Graceful shutdown. The worker traps SIGTERM and sets a flag to stop polling after the current job finishes. This prevents jobs from being interrupted mid-processing during deployments. One does not leave a task half-finished.
Poll interval. When no jobs are available, the worker sleeps for 1 second before checking again. Simple and sufficient for most workloads. For lower latency, use LISTEN/NOTIFY to wake workers immediately when a job is enqueued.
Batch dequeue — claiming multiple jobs
For high-throughput queues, you may wish to claim multiple jobs at once by increasing the LIMIT:
WITH claimed AS (
SELECT id
FROM jobs
WHERE queue = 'default'
AND status = 'pending'
AND scheduled_at <= now()
ORDER BY priority, scheduled_at
FOR UPDATE SKIP LOCKED
LIMIT 10
)
UPDATE jobs
SET
status = 'running',
locked_at = now(),
locked_by = 'worker-1',
attempts = attempts + 1,
updated_at = now()
FROM claimed
WHERE jobs.id = claimed.id
RETURNING jobs.*; When to batch: high-throughput queues where per-job overhead (connection round-trip, transaction commit) matters. Batch dequeue amortizes the overhead across multiple jobs.
The trade-off deserves a candid word: larger batches hold more row locks for longer. If a worker claims 50 jobs and crashes, all 50 remain in running status until the stale lock detector recovers them. Moderation is advised.
Recommended batch sizes:
| Throughput | Batch Size | Rationale |
|---|---|---|
| < 100 jobs/second | 1 | Per-job overhead is negligible |
| 100–1,000 jobs/second | 5–10 | Meaningful overhead reduction |
| 1,000+ jobs/second | 10–50 | Amortizes round-trip cost significantly |
The general pattern: claim a batch in one transaction, process each job individually, mark each completed or failed as it finishes.
Retry logic and failure handling
Jobs fail. This is not a character flaw — it is a fact of distributed systems. The question is how gracefully you recover.

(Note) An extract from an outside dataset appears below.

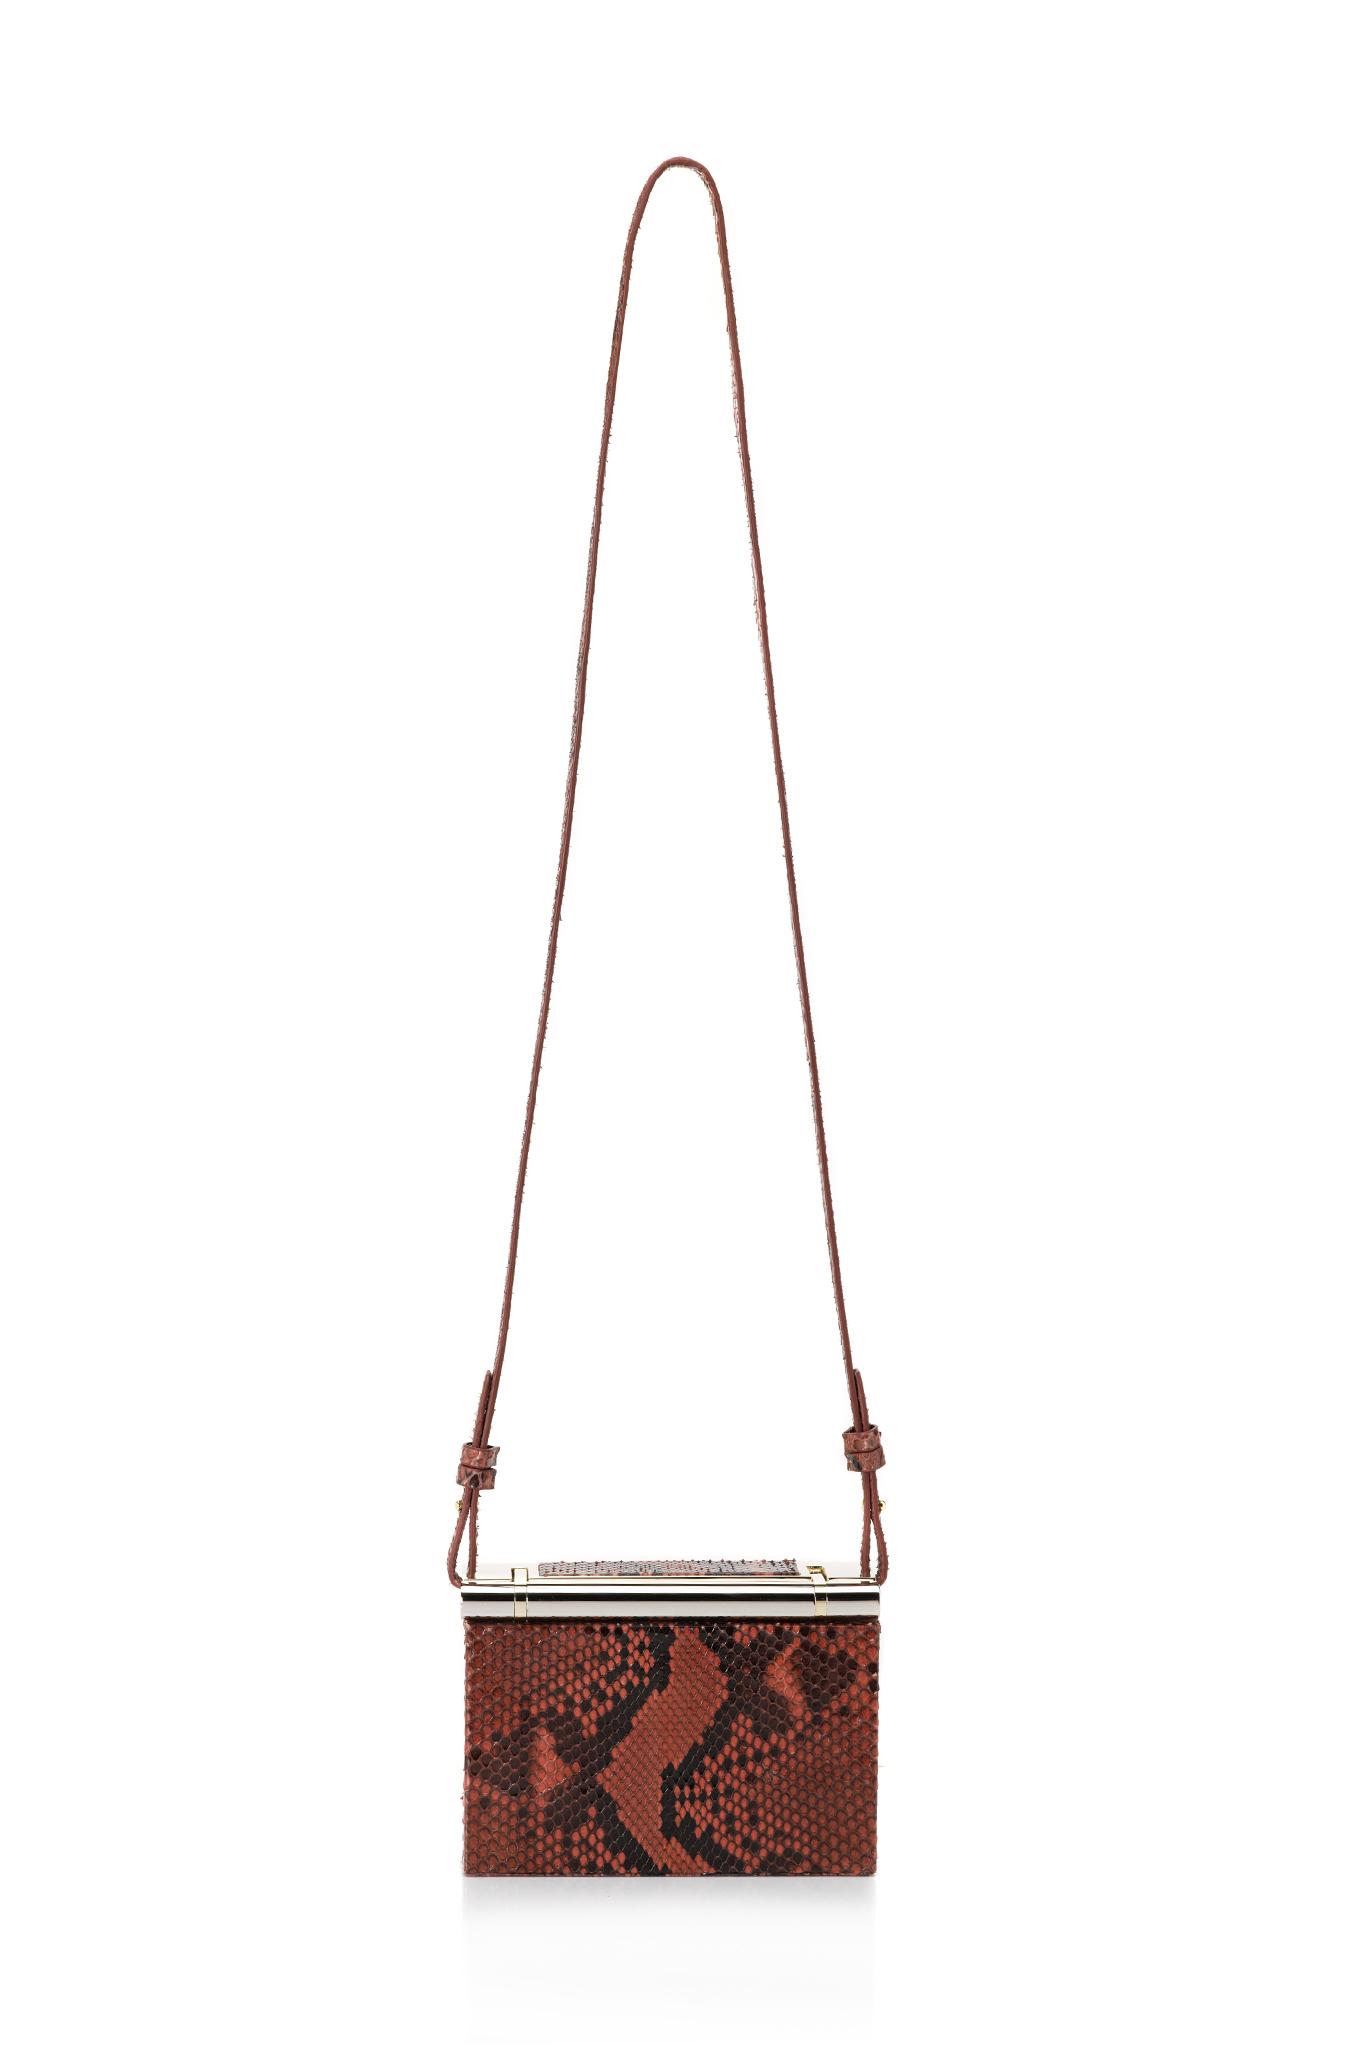 04-02-bags.jpg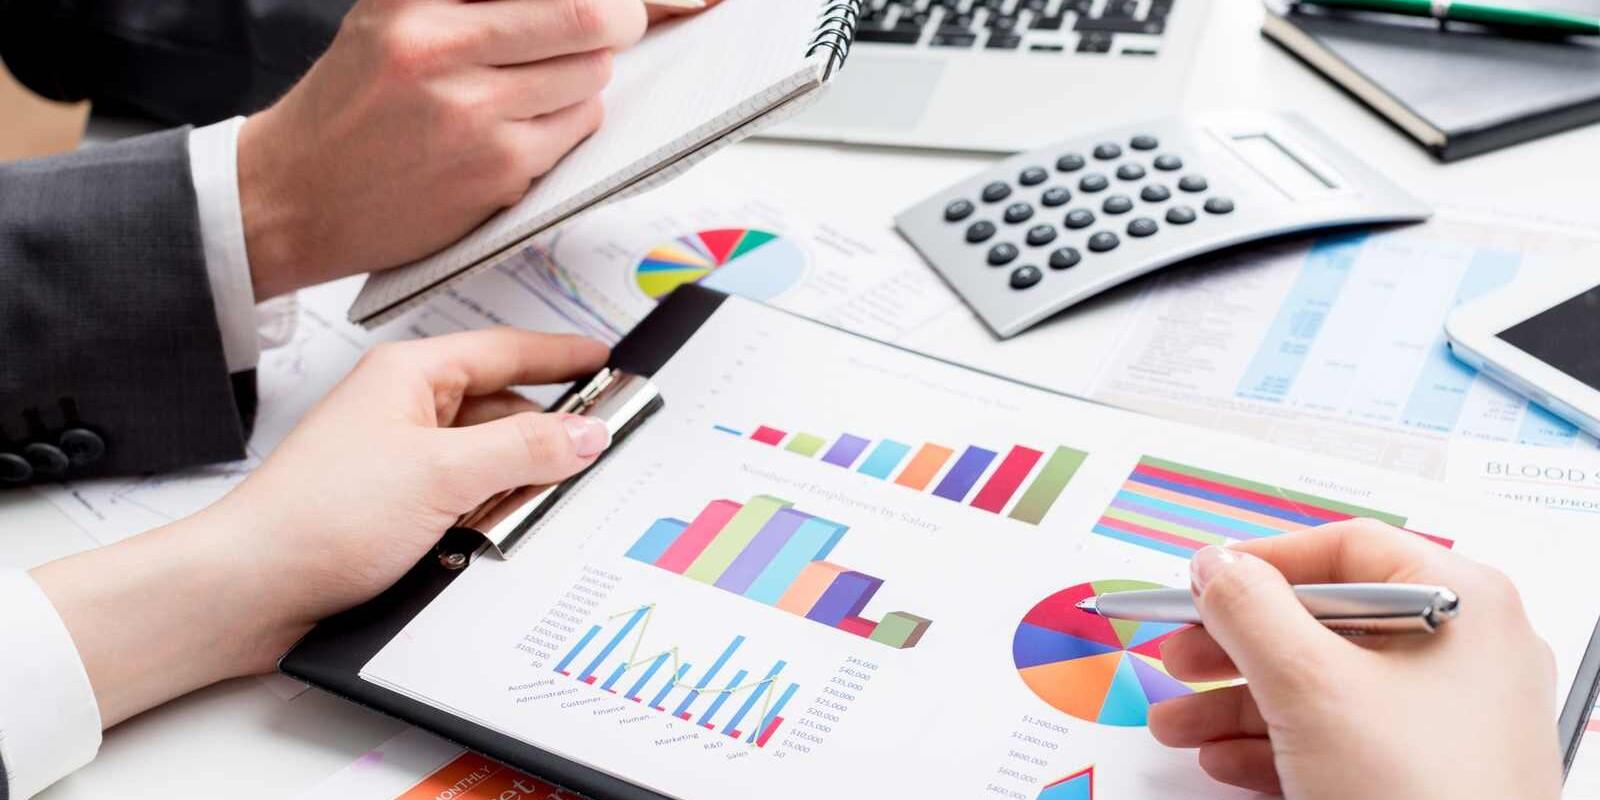 Học kế toán thực hành online tại Tp.HCM - KẾ TOÁN THUẬN VIỆT

Automatic retries with backoff
When a job fails, the worker resets it to pending with a future scheduled_at so it is not immediately retried:
UPDATE jobs
SET
status = CASE
WHEN attempts >= max_attempts THEN 'dead'::job_status
ELSE 'pending'::job_status
END,
last_error = 'Connection timeout to payment gateway',
scheduled_at = CASE
WHEN attempts >= max_attempts THEN scheduled_at
ELSE now() + make_interval(secs => 30 * power(2, attempts - 1))
END,
locked_at = NULL,
locked_by = NULL,
updated_at = now()
WHERE id = 42; The exponential backoff formula is base_interval * 2^(attempts - 1):
| Attempt | Backoff | Next Retry |
|---|---|---|
| 1 | 30 seconds | 30s after failure |
| 2 | 60 seconds | 1 minute after failure |
| 3 | 2 minutes | 2 minutes after failure |
| 4 | 4 minutes | 4 minutes after failure |
| 5 | 8 minutes | 8 minutes after failure |
Optional jitter prevents thundering herd when many jobs fail at the same time. Add a random 0–30% to the backoff:
-- With jitter
now() + make_interval(secs => 30 * power(2, attempts - 1) * (1 + random() * 0.3)) When attempts >= max_attempts, the job transitions to dead status instead of retrying.
Dead letter handling
Jobs that exceed max_attempts are marked status = 'dead'. They are not deleted and not retried automatically. They are, if you will, set aside for later attention — preserved for inspection, debugging, and manual retry after the root cause is fixed.
View dead jobs:
SELECT id, queue, payload, attempts, last_error, updated_at
FROM jobs
WHERE status = 'dead'
ORDER BY updated_at DESC; Manually retry a dead job (after fixing the root cause):
UPDATE jobs
SET
status = 'pending',
attempts = 0,
last_error = NULL,
scheduled_at = now(),
locked_at = NULL,
locked_by = NULL,
updated_at = now()
WHERE id = 42; Bulk retry all dead jobs from a specific queue:
UPDATE jobs
SET
status = 'pending',
attempts = 0,
last_error = NULL,
scheduled_at = now(),
locked_at = NULL,
locked_by = NULL,
updated_at = now()
WHERE status = 'dead'
AND queue = 'emails'; Cleanup: periodically archive or delete dead jobs older than a retention period:
DELETE FROM jobs
WHERE status = 'dead'
AND updated_at < now() - INTERVAL '30 days'; Stale lock detection
I'm afraid we must discuss what happens when a worker crashes mid-job. The row remains in running status with no one processing it — abandoned, as it were. The stale lock detector finds these orphaned jobs and resets them to pending.
The detection query:
UPDATE jobs
SET
status = 'pending',
locked_at = NULL,
locked_by = NULL,
updated_at = now()
WHERE status = 'running'
AND locked_at < now() - INTERVAL '10 minutes'
RETURNING id, queue, attempts; Run this on a schedule — every 5 minutes via pg_cron, a system cron job, or your application's scheduler:
-- Using pg_cron
SELECT cron.schedule(
'recover-stale-jobs',
'*/5 * * * *',
$$
UPDATE jobs
SET status = 'pending', locked_at = NULL, locked_by = NULL, updated_at = now()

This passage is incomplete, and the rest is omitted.